Only time will tell, depends hugely on how the UK decides to differ in it's regulations.

2 comments

I’ve never been able to get a straight answer to the obvious question - which rules?

I always wanted a good solid answer to that so i could ask what stopped us changing them from within the EU but i never got past the first hurdle.

Usually means labels, safety, privacy, worker rights, quotas, etc. The EU has a vast amount of regulations that protect consummers but make business harder/more expensive. The UK should retain most of those independently, will probably fudge some of them.
Vat directive, bio fuels directive and directives concerning tendering.
>> VAT Directive

The EU rule is minimum 15%, the UK choses 20% of its own accord.

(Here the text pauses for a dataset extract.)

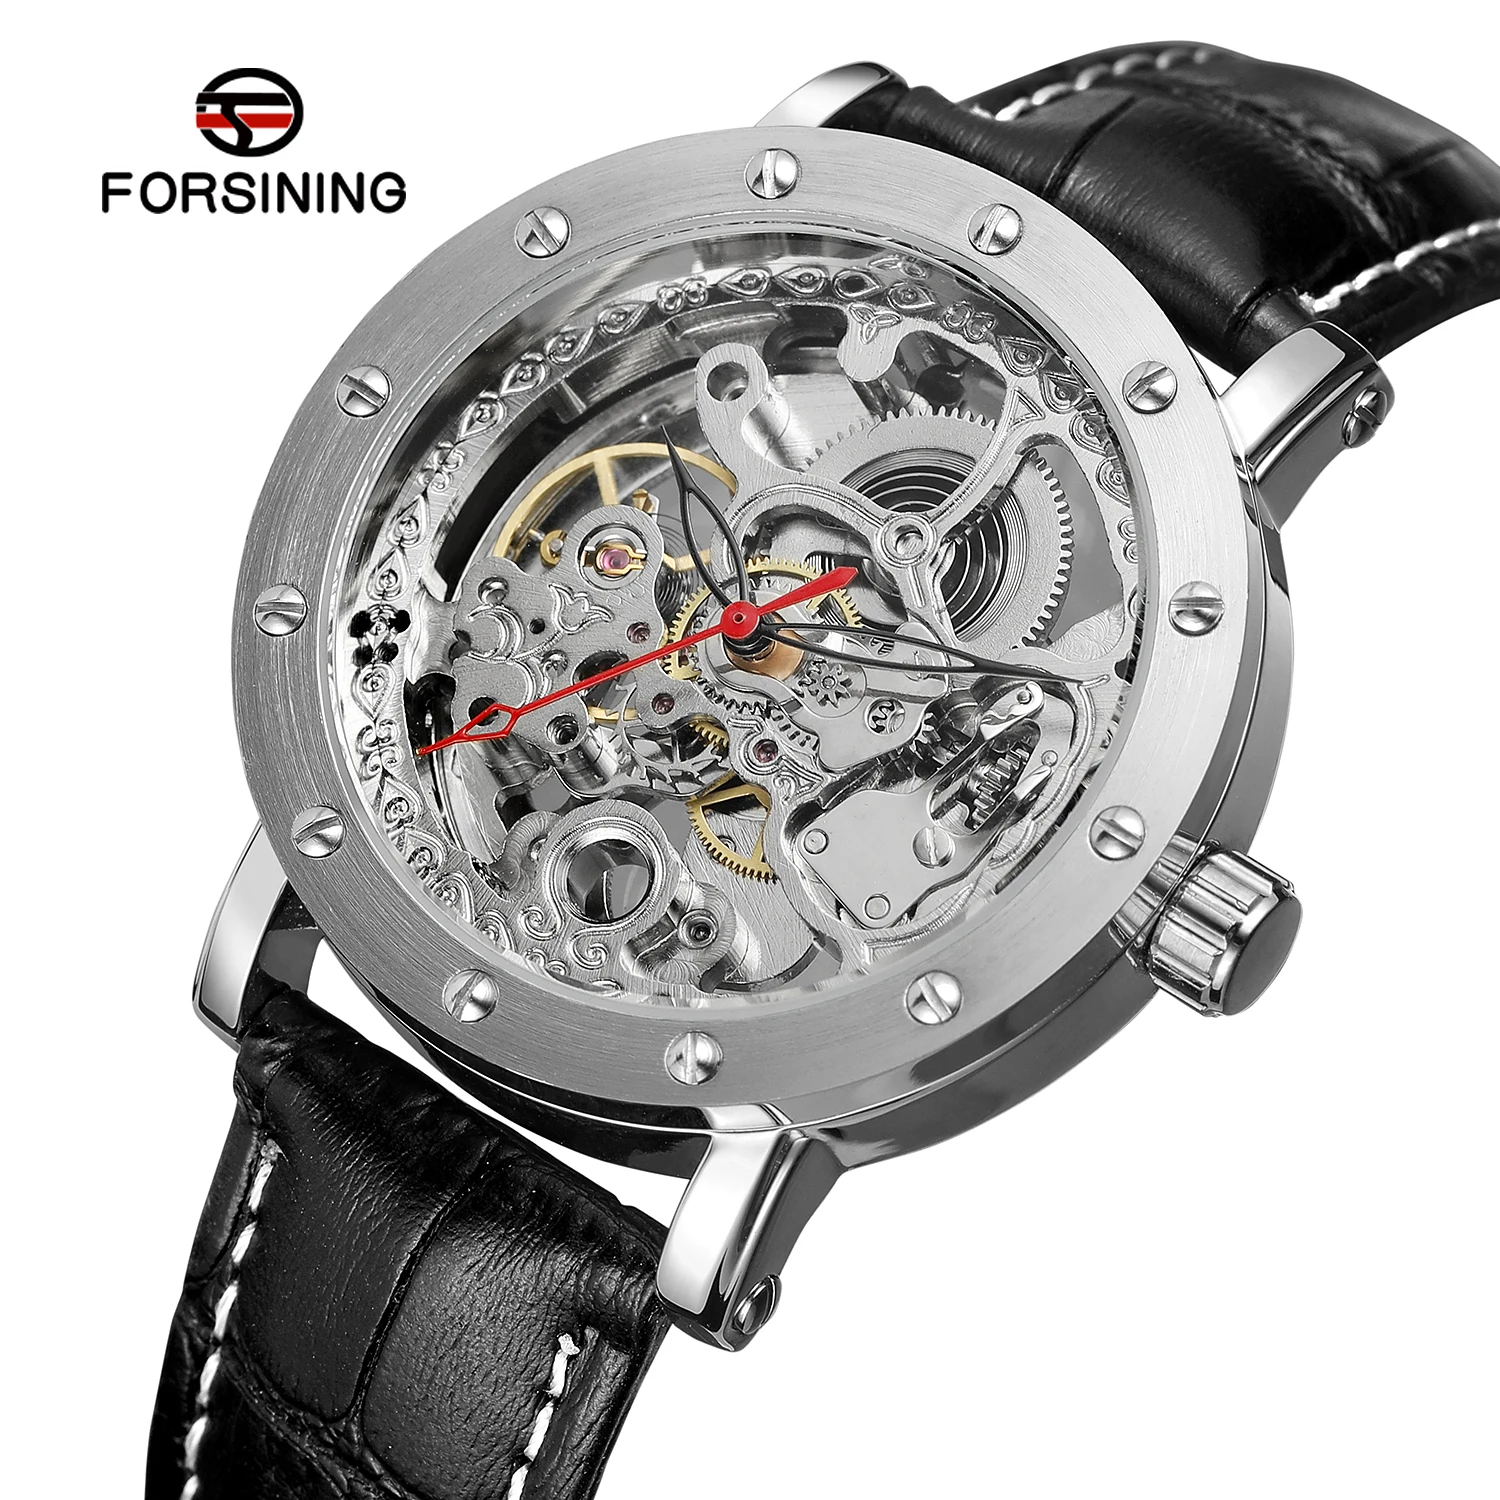 

High Quality FORSINING mens watches Top Brand Luxury Hollow Skeleton Mechanical Automatic wristwatch reloj hombre automatico

But that's not the interesting bit, the interesting bit is the follow-up question: "what stops the UK changing this from within the EU?"

The answer for this one is nothing - in fact, EU states have already agreed that all states will have full VAT setting powers from 2022.

>> biofuels directive

You'd need to give more context here - Boris Johnson has committed £12 billion partly in support of going beyond the requirements of this directive as part of the so called "new green revolution".

What exactly is the conflict with the biofuels directive? If anything it's weaker than the current UK Gov's expressed desires in this space?

>> directives concerning tendering

Yep - this is a bona fide one.

Thank you for the information on the VAT directive changing in 2022. Is that the definitive VAT system? I've not really been following EU legislation for the last few years.

The thing that concerns me with the biofuels directive is it's requirement for 5% of petrol to be made up of biofuel. As the cheapest source of this is palm oil, we then end up contributing to the destruction of habitats in Indonesia in order to grow palm oil to burn in our cars. The EU does recognise this and I'm sure I read that come 2030, that will be disallowed, but then they will likely need to use Soy or some other oil that will cause even more destruction.

I don't have any sources for this to hand and I may well have some of this information incorrect. It's been about five years since I researched much of this.

Brits will soom be able to eat imported chlorinated chicken!
The only reason to do that is price, which importing (from the USA, presumably) would surely negate. When chlorinated chicken has been brought up as a debate point it's as an example of a standard that might slip, that cheaper UK chicken might be chlorinated for a UK market.

I doubt it would be popular, personally.